Two-toed sloths

description

Habitus

The two-toed sloths reach a head-torso length of 54 to 72 cm and a body weight of 3.3 to 9 kg. The body is perfectly adapted to a way of life that depends on the branches. In contrast to most other mammals, the fur of the animals is parted from the belly to the back to enable better drainage of rainwater. Its color varies from yellowish to gray-brown, with the head being lighter in color than the rest of the body, and the limbs sometimes darker. However, it can take on a green hue from algae. The head is rounded and has two small, forward-facing eyes with small pupils. The ears, which are also small, remain hidden in the fur, as does the short tail. In contrast to the three-toed sloth, the limbs are approximately the same length, with two toes on the front feet and three toes on the hind feet, all of which have long claws. However, the toe rays lying on the outside and inside are still rudimentary.
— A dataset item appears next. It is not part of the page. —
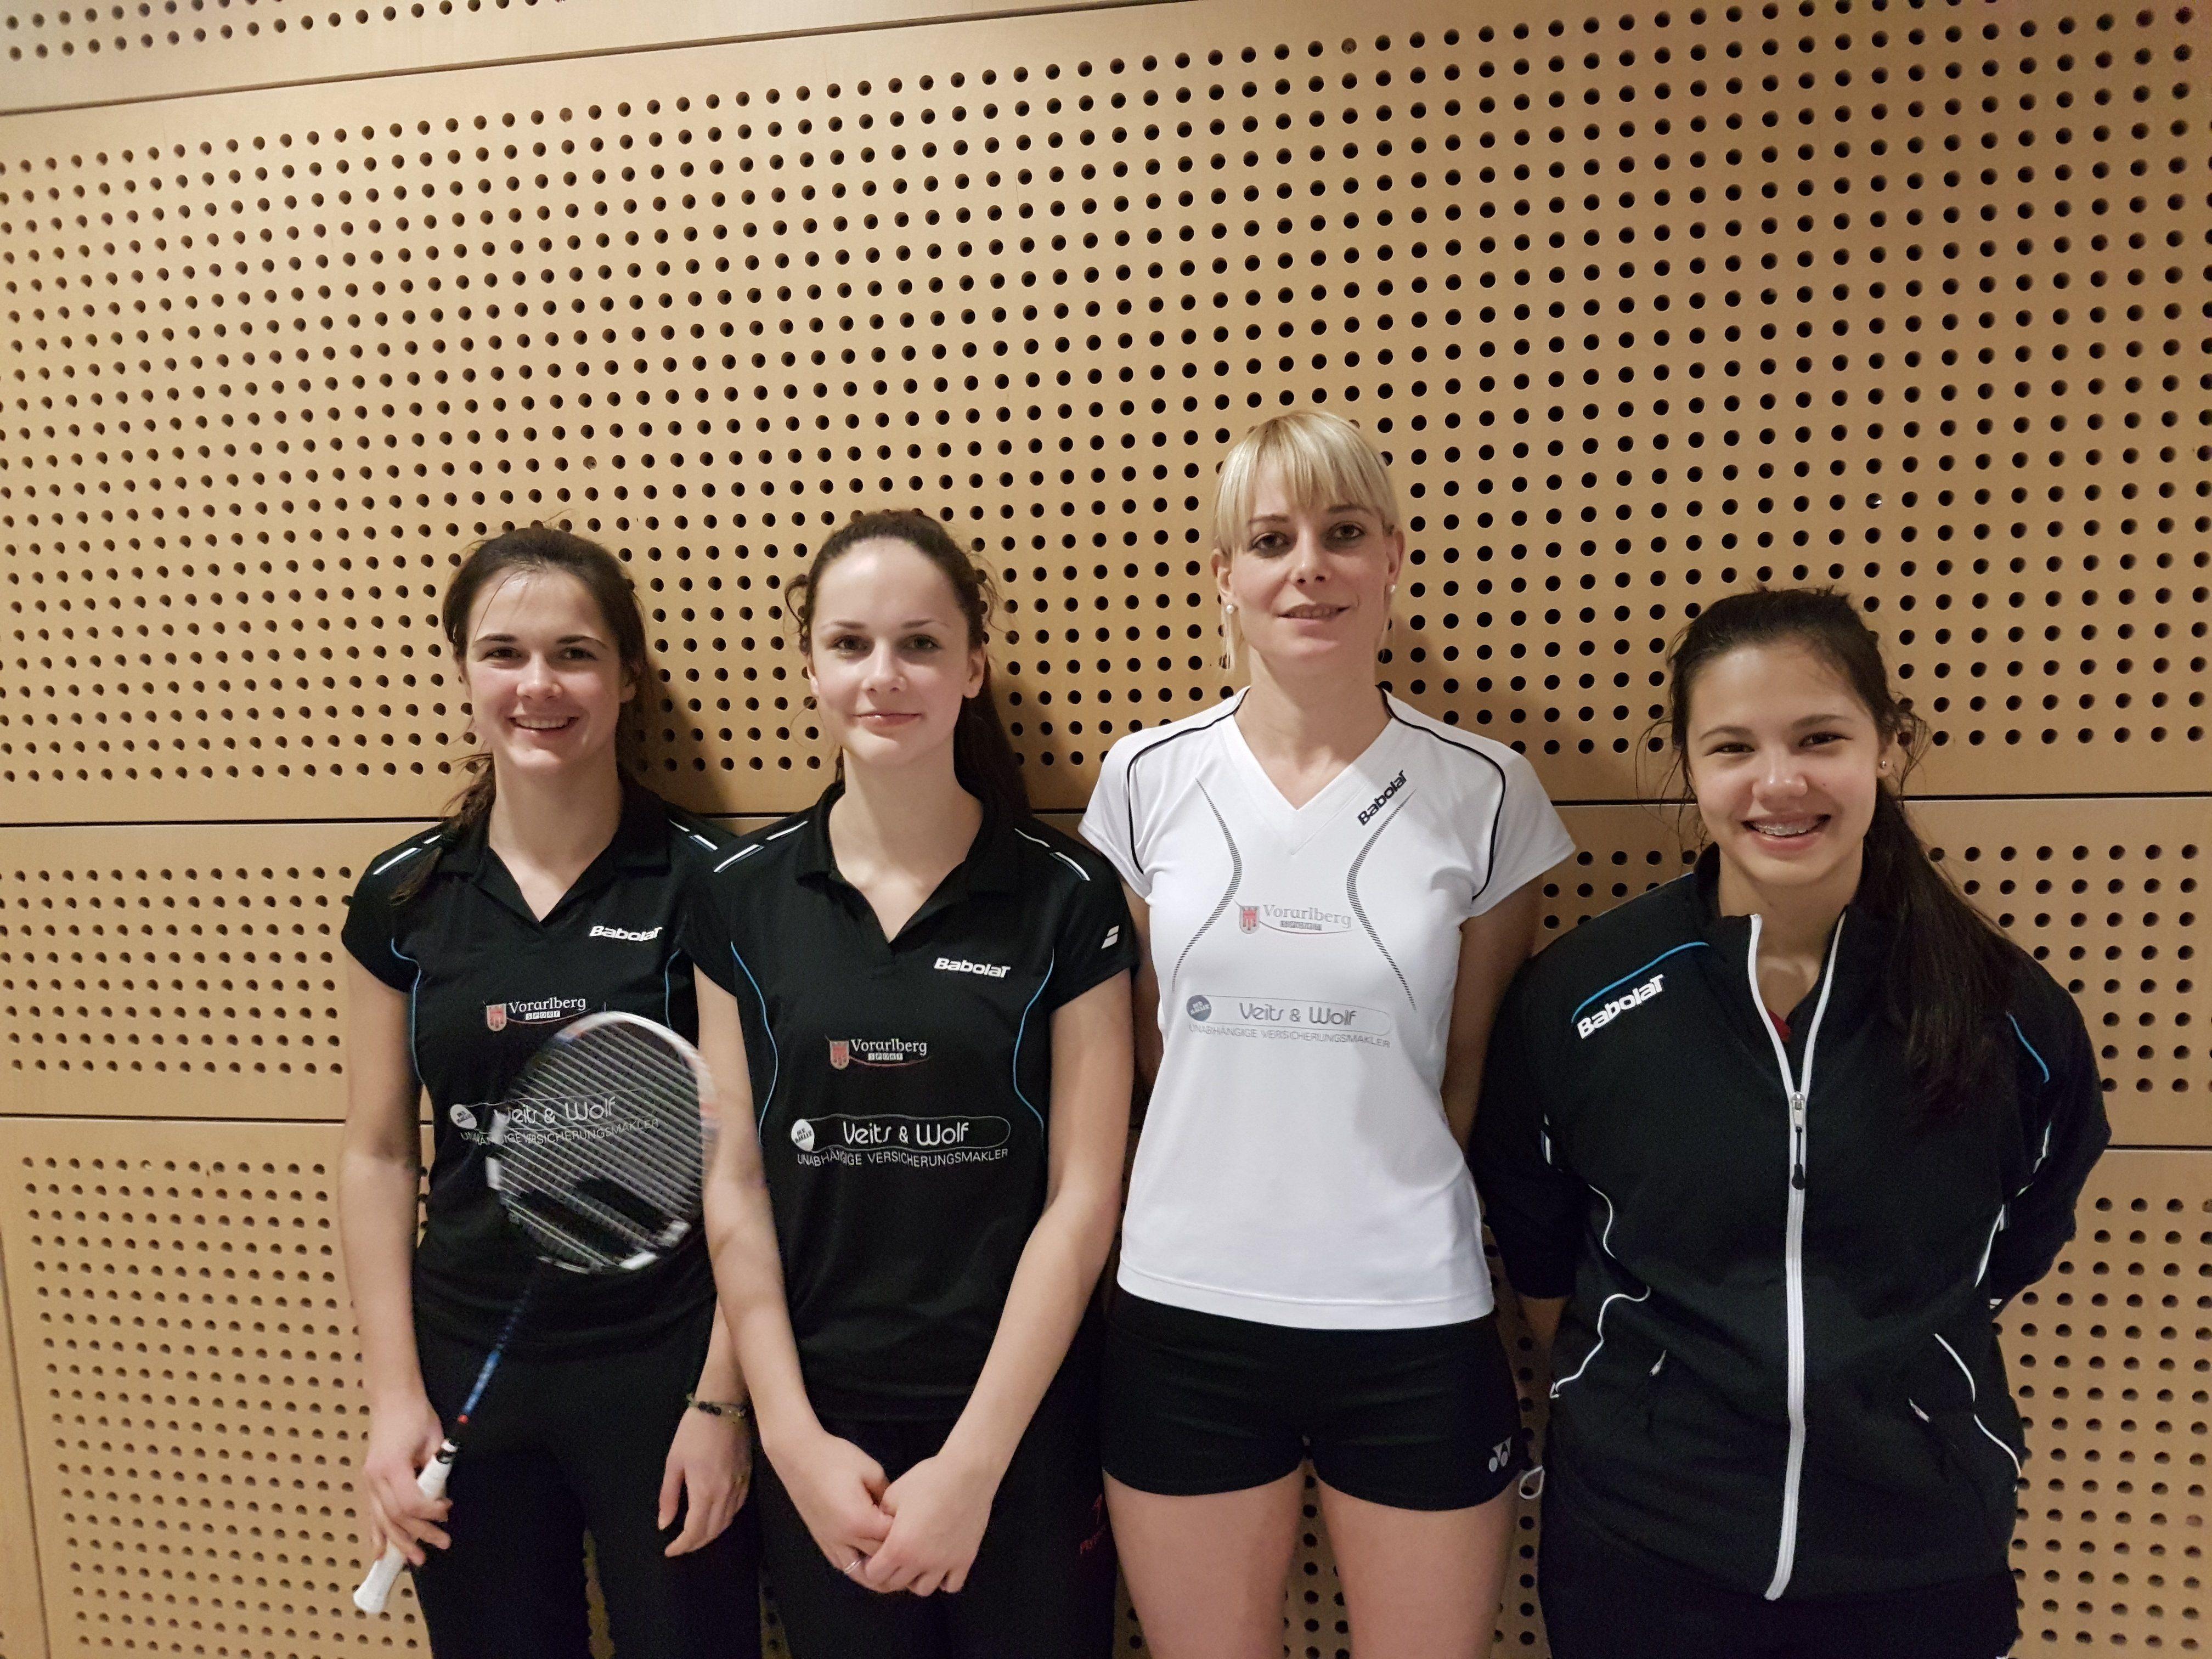 Die Feldkircherinnen Sabrina Herbert, Natalie Herbst, Leonie Tanriöver und Serena Au Yeong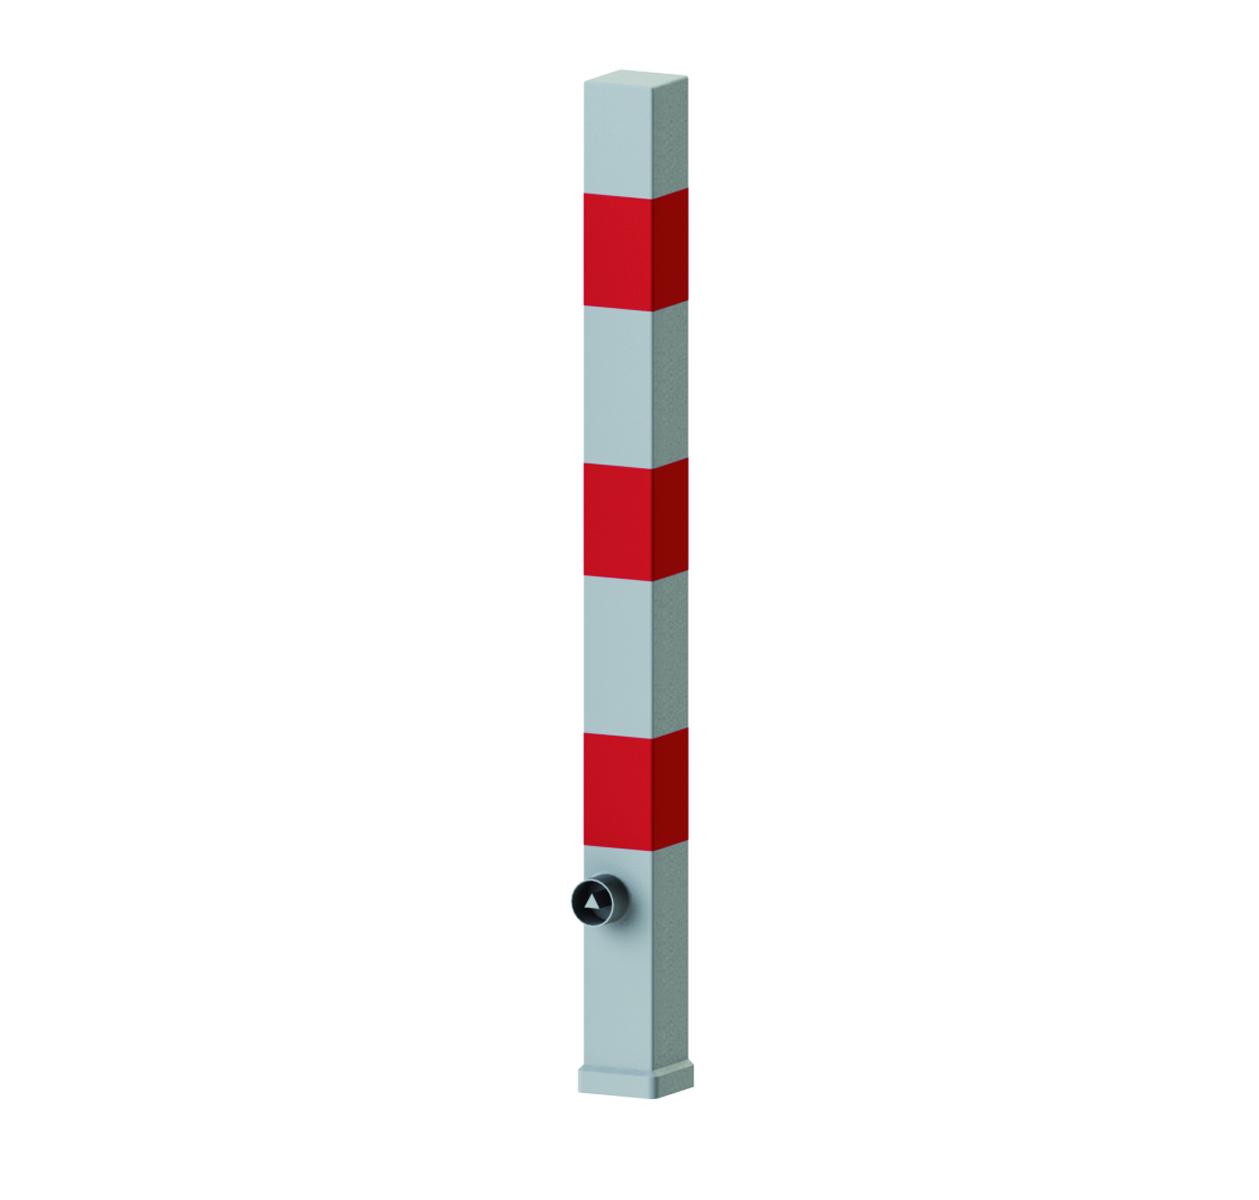 Prix sur demande - Potelet anti stationnement ...

Skull and dentition features

Skull and lower jaw of a two-toed sloth

The skull of the two-toed sloth is short with an average of 10.9 cm, but longer than that of the three-toed sloth. It has a clearly rounded shape in profile. Characteristic features of sloths in general are the elongated upper jaw and the greatly shortened middle jawbone , which is also not in contact with the nasal bone . Furthermore, the zygomatic arch is not completely formed. On cheekbone two bony outgrowths put on. In the two-toed sloths, that of the zygomatic arch does not extend as clearly upwards as in the three-toed sloths, but rather is oriented backwards. It also almost touches the front end of the arch base of the temporal bone . The second bony outgrowth points diagonally backwards and downwards and is relatively and absolutely shorter than that of the three-toed sloth. Another difference can be found in the ear region: here the two-toed sloths, like almost all extinct ground-dwelling sloths, have formed a tympanic ring , in contrast to their more recent relatives with a tympanic bladder .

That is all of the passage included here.